However, whether the Air Force can accomplish all of this by December 
2005 remains to be seen.

Future of Modernization Plans in Doubt:

Originally, the F/A-22 was intended to replace the F-15 and achieve air-
to-air superiority to counter large numbers of advanced Soviet fighters 
in conventional warfare. However, over the 19 years that the aircraft 
has been in development, the projected Cold War threats never 
materialized and new threats emerged, changing tactical fighter 
requirements and operational war plans. The Air Force now plans to 
implement a Global Strike concept of operations by developing a robust 
air-to-ground attack capability to allow the aircraft to counter a 
greater variety of targets, such as surface-to-air missiles systems, 
that pose a significant threat to U.S. aircraft. It also plans to equip 
most of the F/A-22 fleet with improved capabilities to satisfy expanded 
warfighter requirements and to take on new missions, including 
intelligence data gathering and the suppression of enemy air defenses 
and interdiction.

To implement its Global Strike concept, the Air Force established a 
time-phased modernization program. Table 1 shows how the Air Force 
intends to integrate new capabilities incrementally.

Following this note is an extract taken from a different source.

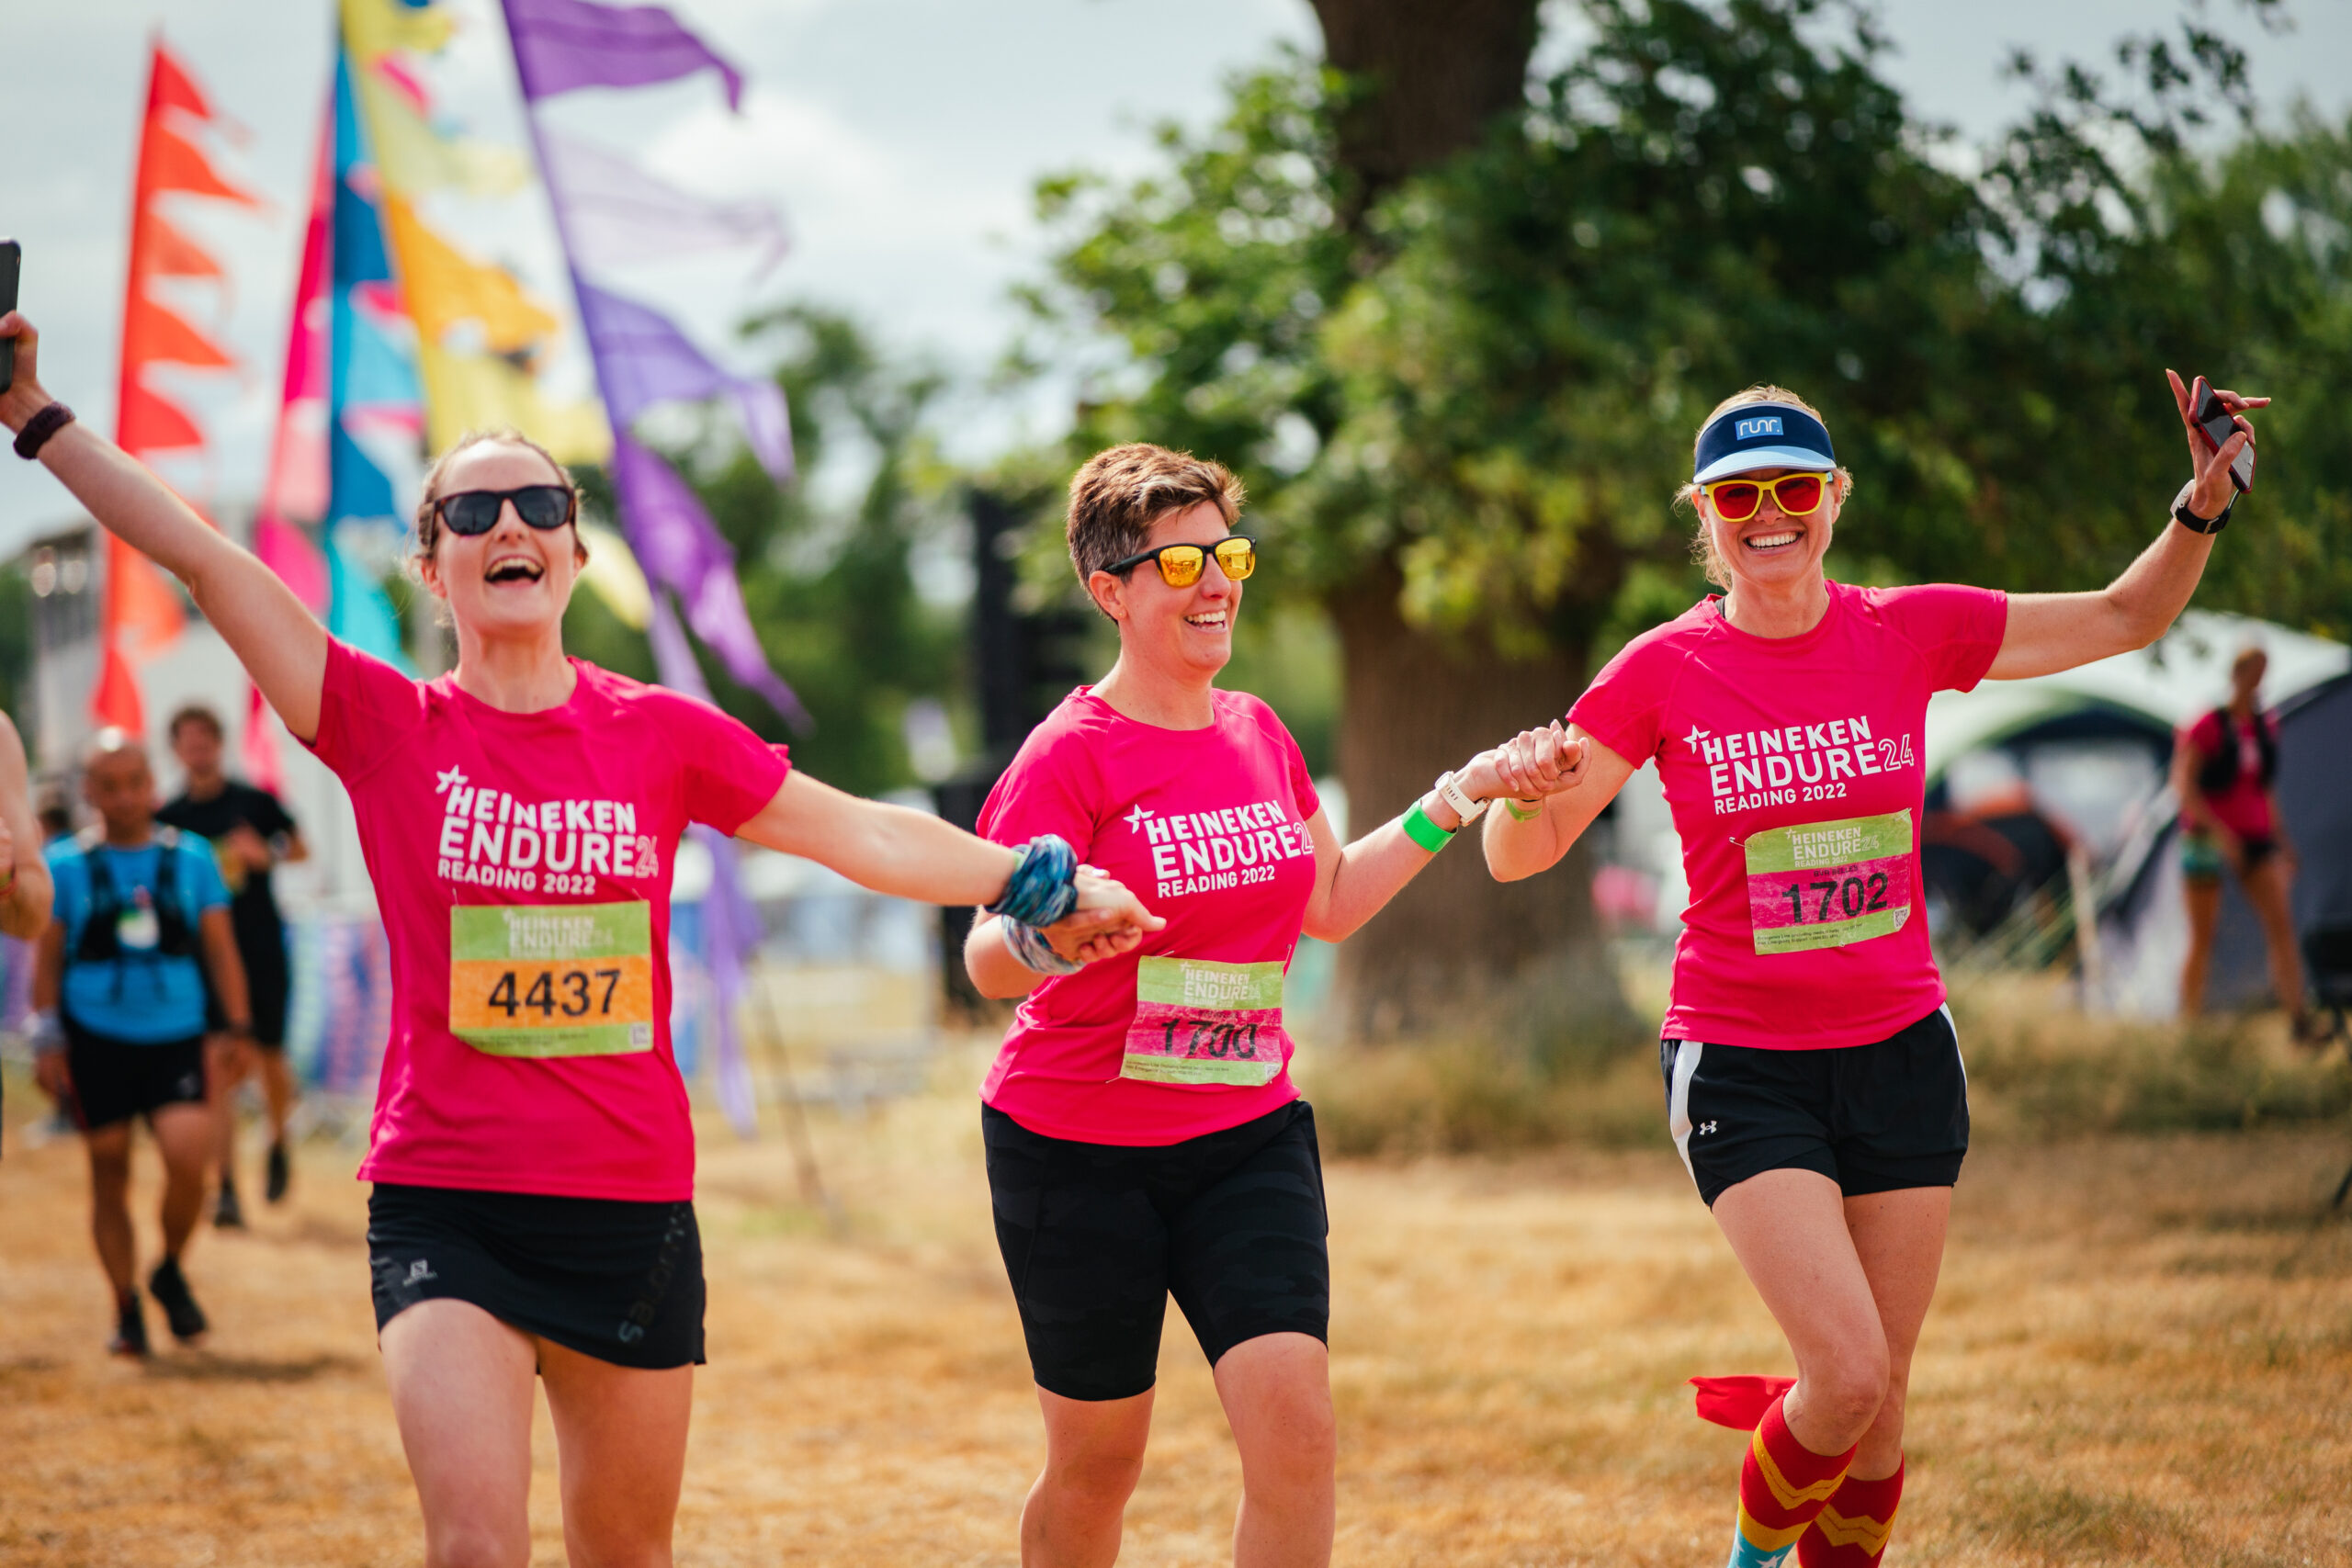 3 ladies celebrate success at a 24 hour relay

Table 1: Planned Modernization Enhancements for the F/A-22 Program:

Fiscal year when enhancements are expected to be incorporated: 2007; 
Configuration[B]: Block 20; 
Capabilities increment: Global Strike Basic; 
Quantities[C]: 56; 
Examples of enhancements to be added: Update air-to-air capabilities 
and improve capabilities to launch the Joint Direct Attack Munition at 
faster airspeeds and longer distances.

Fiscal year when enhancements are expected to be incorporated: 2011[A]; 
Configuration[B]: Block 30; 
Capabilities increment: Global Strike Enhanced; 
Quantities[C]: 91; 
Examples of enhancements to be added: Enhance air-to-ground capability 
by adding improved radar capabilities to seek and destroy advanced 
surface-to-air missile systems; 
integrate additional air-to-ground weapons.

Fiscal year when enhancements are expected to be incorporated: 2013; 
Configuration[B]: Block 40; 
Capabilities increment: Global Strike Full; 
Examples of enhancements to be added: Increase capability to suppress 
or destroy the full range of air defenses and improve speed and 
accuracy of targeting.

Fiscal year when enhancements are expected to be incorporated: 2015; 
Configuration[B]: Block 40; 
Capabilities increment: Enhanced Intelligence, Surveillance, and 
Quantities[C]: 128; 
Examples of enhancements to be added: Add capability for full 
intelligence, surveillance, and reconnaissance integration for 
increased target sets and lethality.

Sources: Air Force and Office of Secretary of Defense.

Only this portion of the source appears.